[PROBLEM DESCRIPTION] All of the data below must be reproduced word for word, but without its images.

--- SOURCE MATERIAL Enclosed Below ---

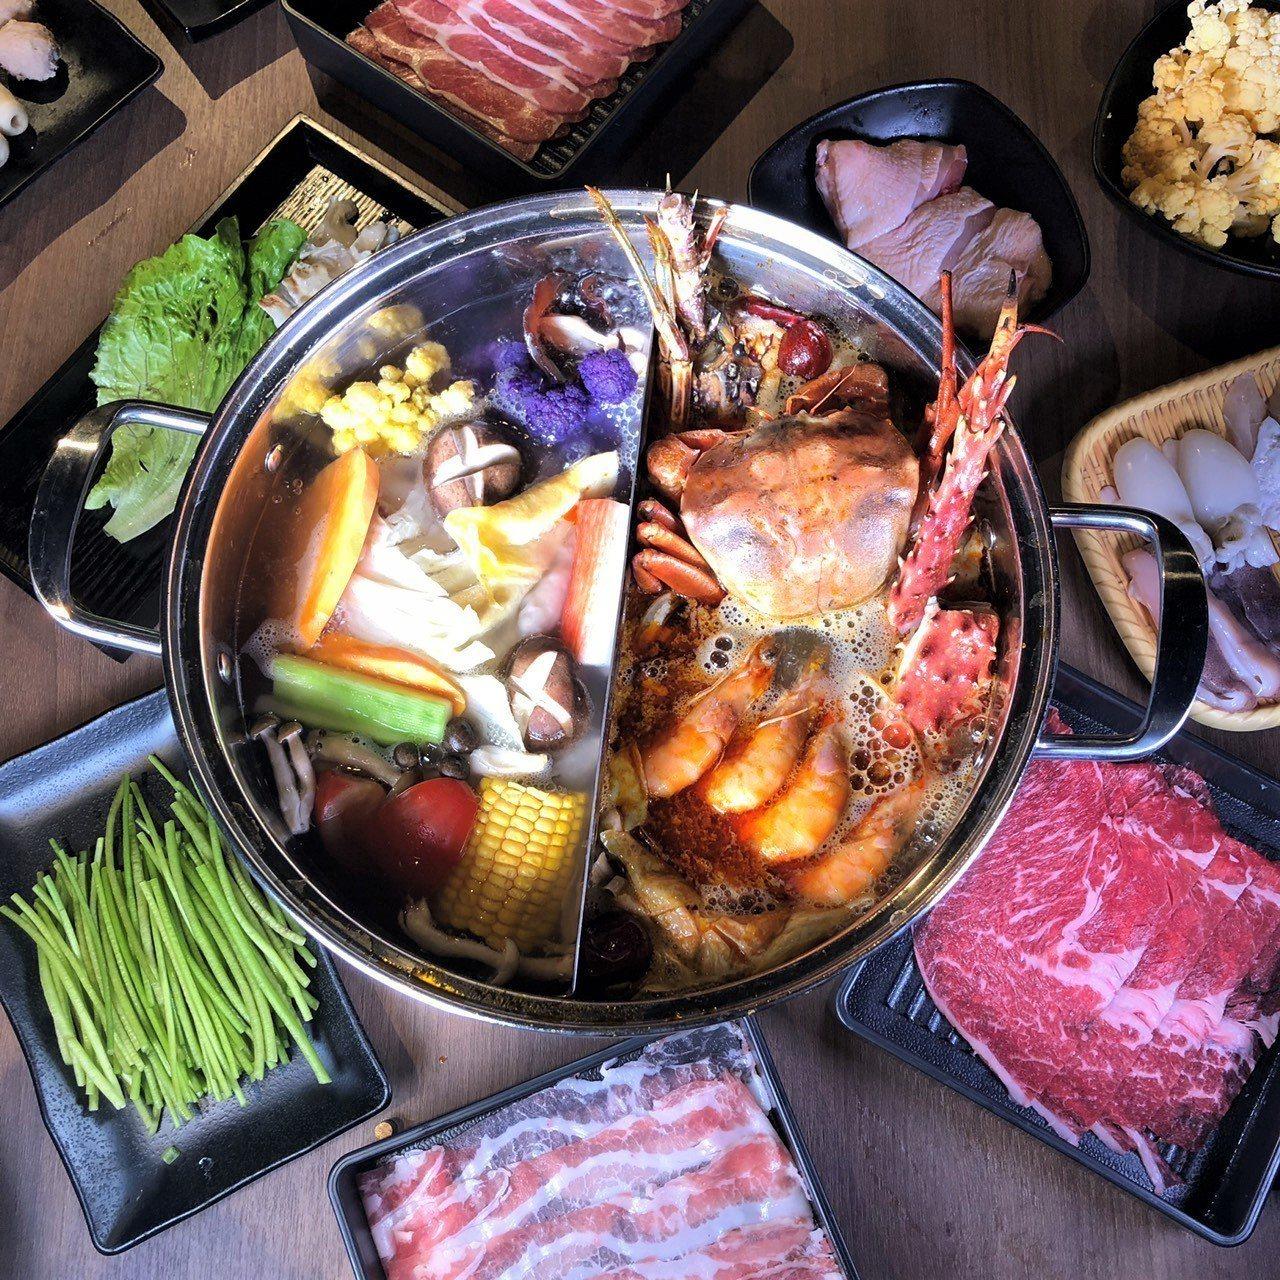 由海霸王所開設的前鎮水產,號稱是全台北最大的水產市集鍋物。圖/海霸王提供
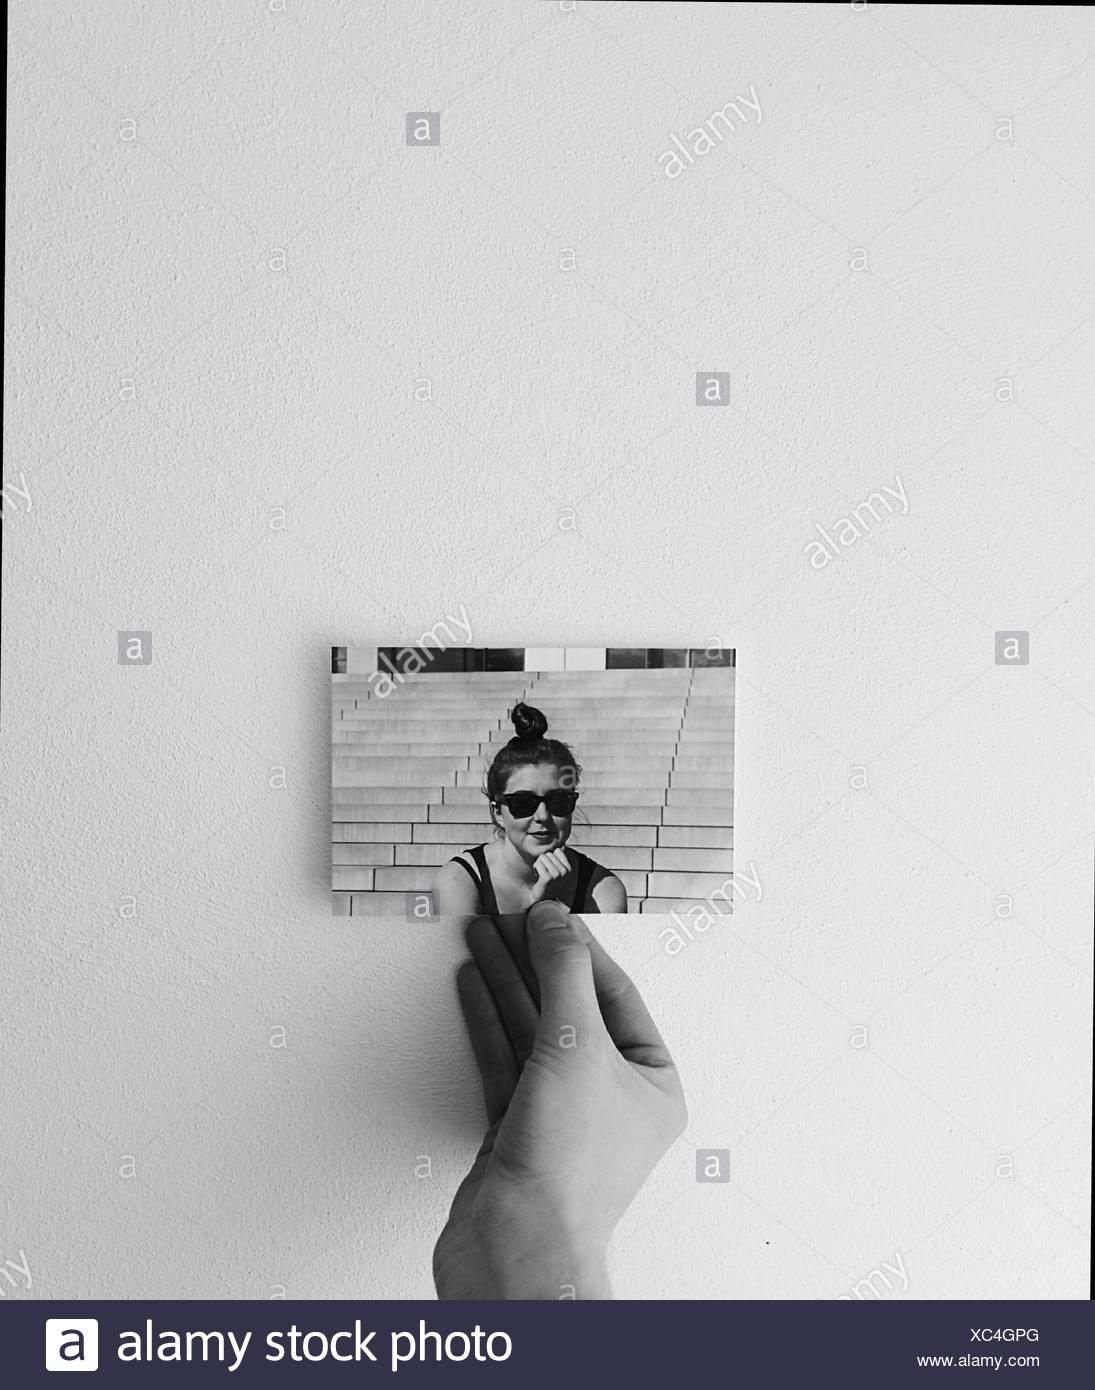 Primer plano de la mano que sujeta la fotografía de una mujer Imagen De Stock
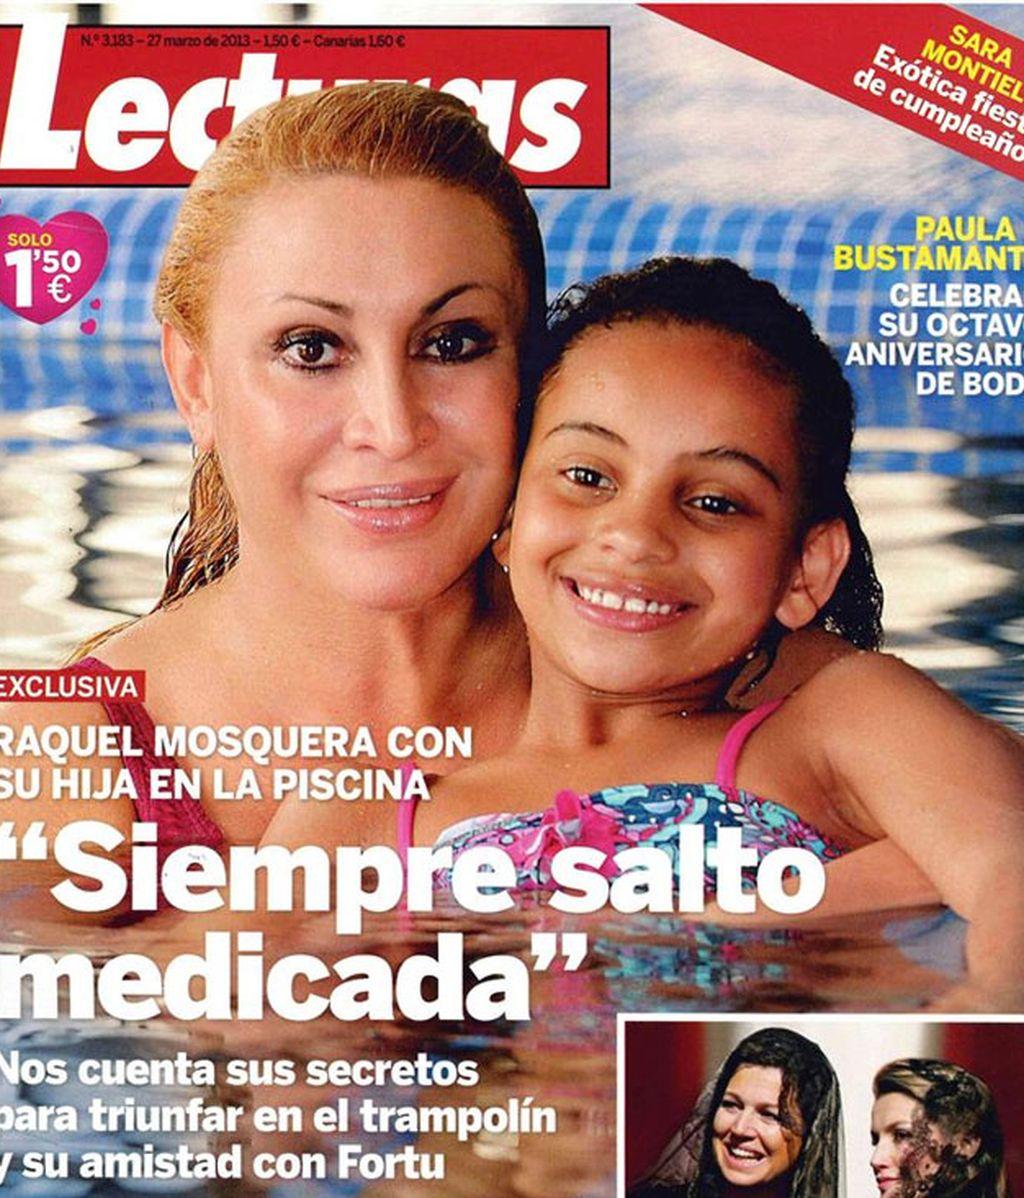 Raquel Mosquera salta medicada

--- End of Enclosed SOURCE MATERIAL ---

[SOLUTION TO THE EXERCISE]
 由海霸王所開設的前鎮水產,號稱是全台北最大的水產市集鍋物。圖/海霸王提供
 Primer plano de la mano que sujeta la fotografía de una mujer Imagen De Stock
 Raquel Mosquera salta medicada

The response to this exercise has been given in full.